The Jog is a scooter produced by the Yamaha Motor Company since 1983, and was introduced in North America in 1986. It continued production in North America after 3 style changes and model designations (CE50, CG50 and CY50) until 2001. The Jog has continued production elsewhere in the world and uses the current CV50 designation.

== The Jog CE50 ==
For the first generation Jog, produced from 1986 to 1987, was actually part of the Riva family and in many areas was initially known as the Riva Jog. It was powered by an air-cooled two-stroke reed valve 49 cc vertical Minarelli single-cylinder engine producing with 4.5 hp and 4.3 lbft of torque. The top speed was 35–38 mph. For 1986 it came in red or yellow, and in 1987 it was red or blue.

== The Jog CG50 ==
In 1988 the Yamaha Jog was released after being completely restyled and carried the designation CG50. It was powered by a similar vertical Minarelli engine as the prior CE50 Jog, this engine uses a smaller crankshaft but most other parts are compatible. Color combinations included white/purple, red, and black. The CG50 was sold in North America from 1988 to 1991.

== The Jog CY50 ==
The final North American revision the CY50 was released in 1992 and had the longest production run of any of the Jogs, ending in 2001. It was a heavily restyled version of the CG50, but the engine was also changed from the air-cooled vertical Minarelli to the air-cooled 49 cc horizontal Minarelli and the top speed was increased to 40 mph in stock form. Unrestricted the CY50 was capable of 45–48 mph. The CY50 came in a wide assortment of colors.
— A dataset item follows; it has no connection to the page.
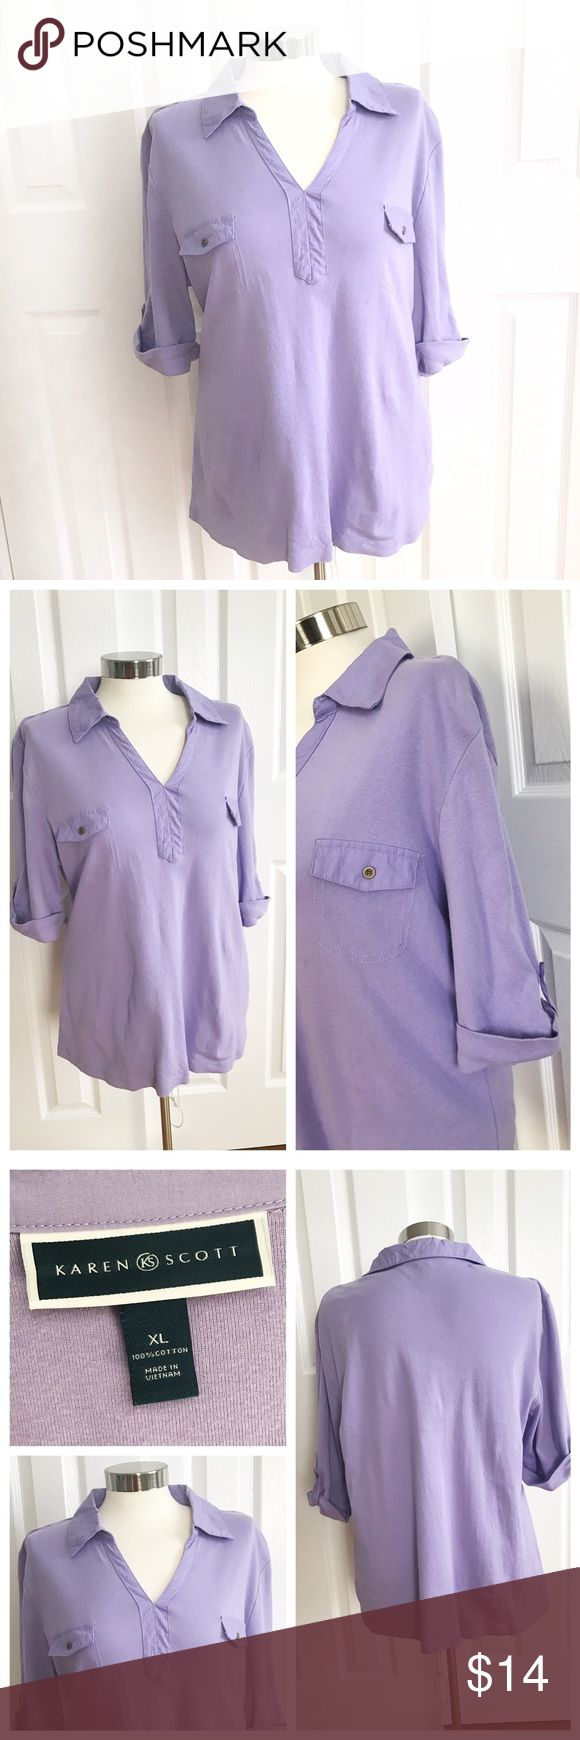 Karen Scott Lavender 3/4 Sleeve Top Lavender purple 3/4 sleeve shirt. Collar, pockets. 100% cotton. Karen Scott brand. Size XL. Karen Scott Tops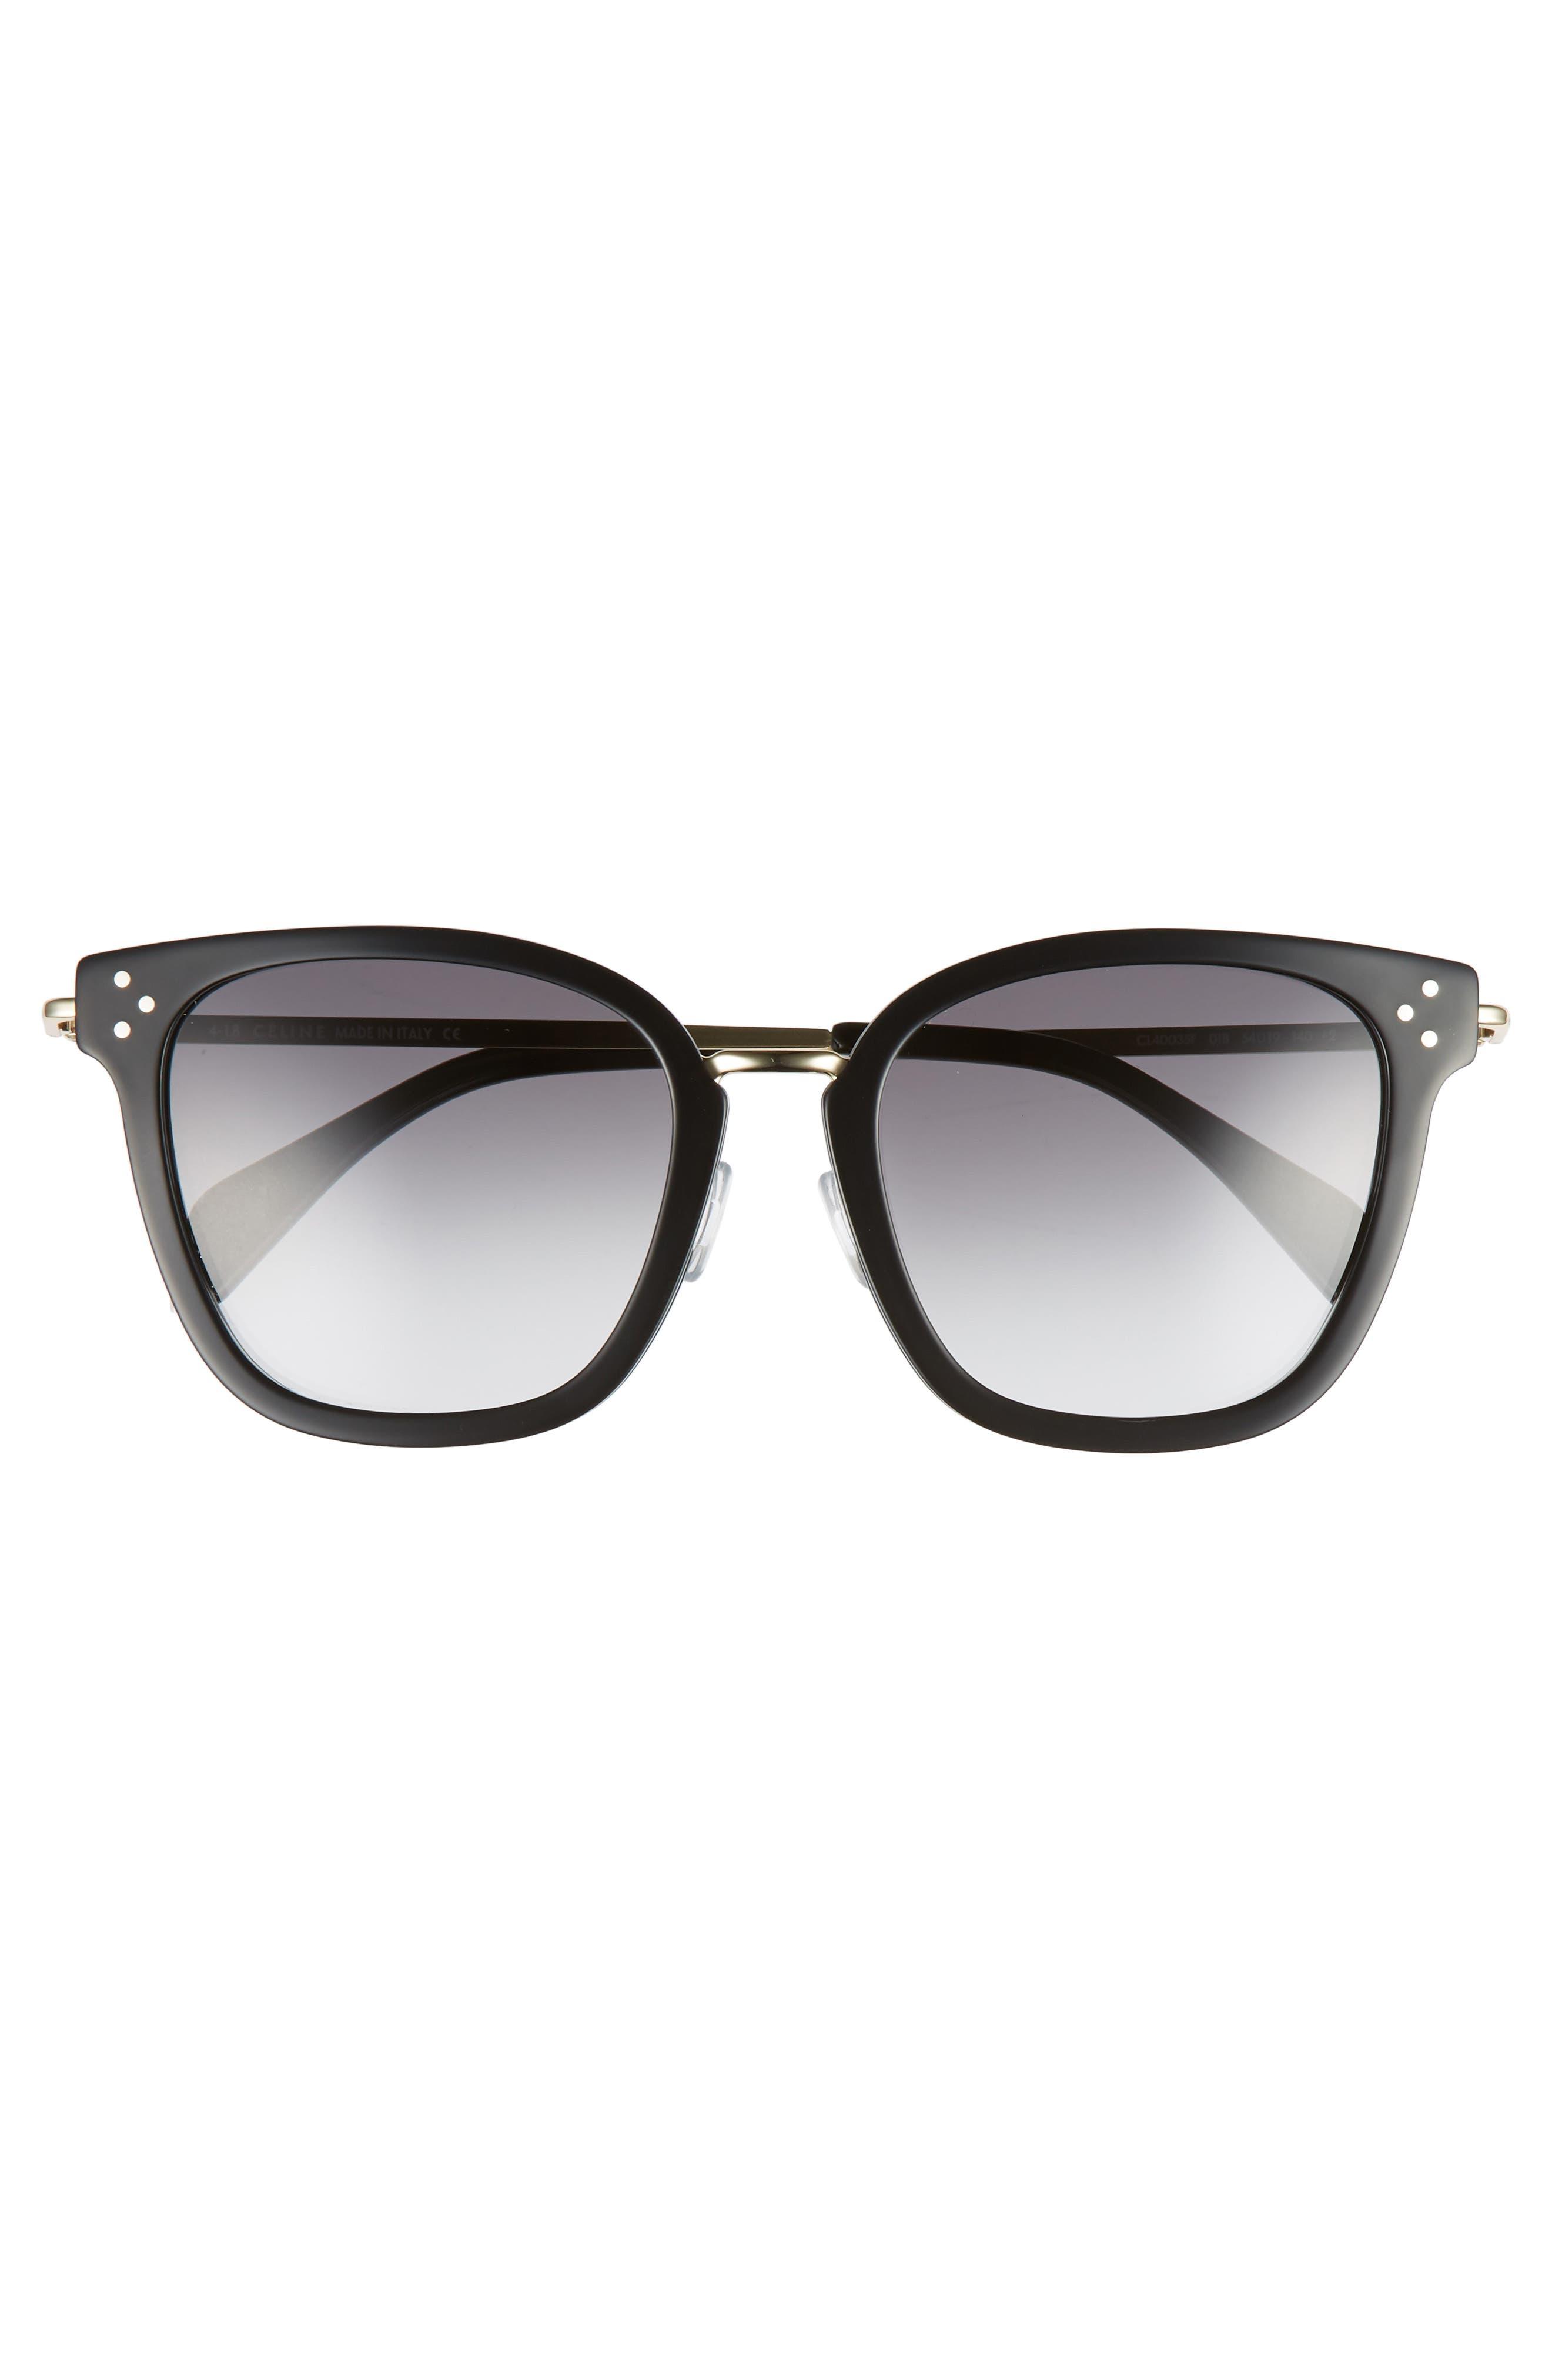 CELINE,                             Special Fit 54mm Sunglasses,                             Alternate thumbnail 3, color,                             BLACK/ GOLD/ SMOKE

The CY50 Jog seat was not suitable for two passengers.

== The Jog CV50 ==
The CV50 was released in 2006 as a successor to the CY50. The CV50 Jog still had the horiztonal Minarelli engine, but it saw a complete overhaul and redesign which took the CV50 away from a 'boxy shape' in favour of a more streamlined and 'curvy' shape. It was the first model of the jog family to feature a disk brake on the front, as all previous models used a drum setup front and back.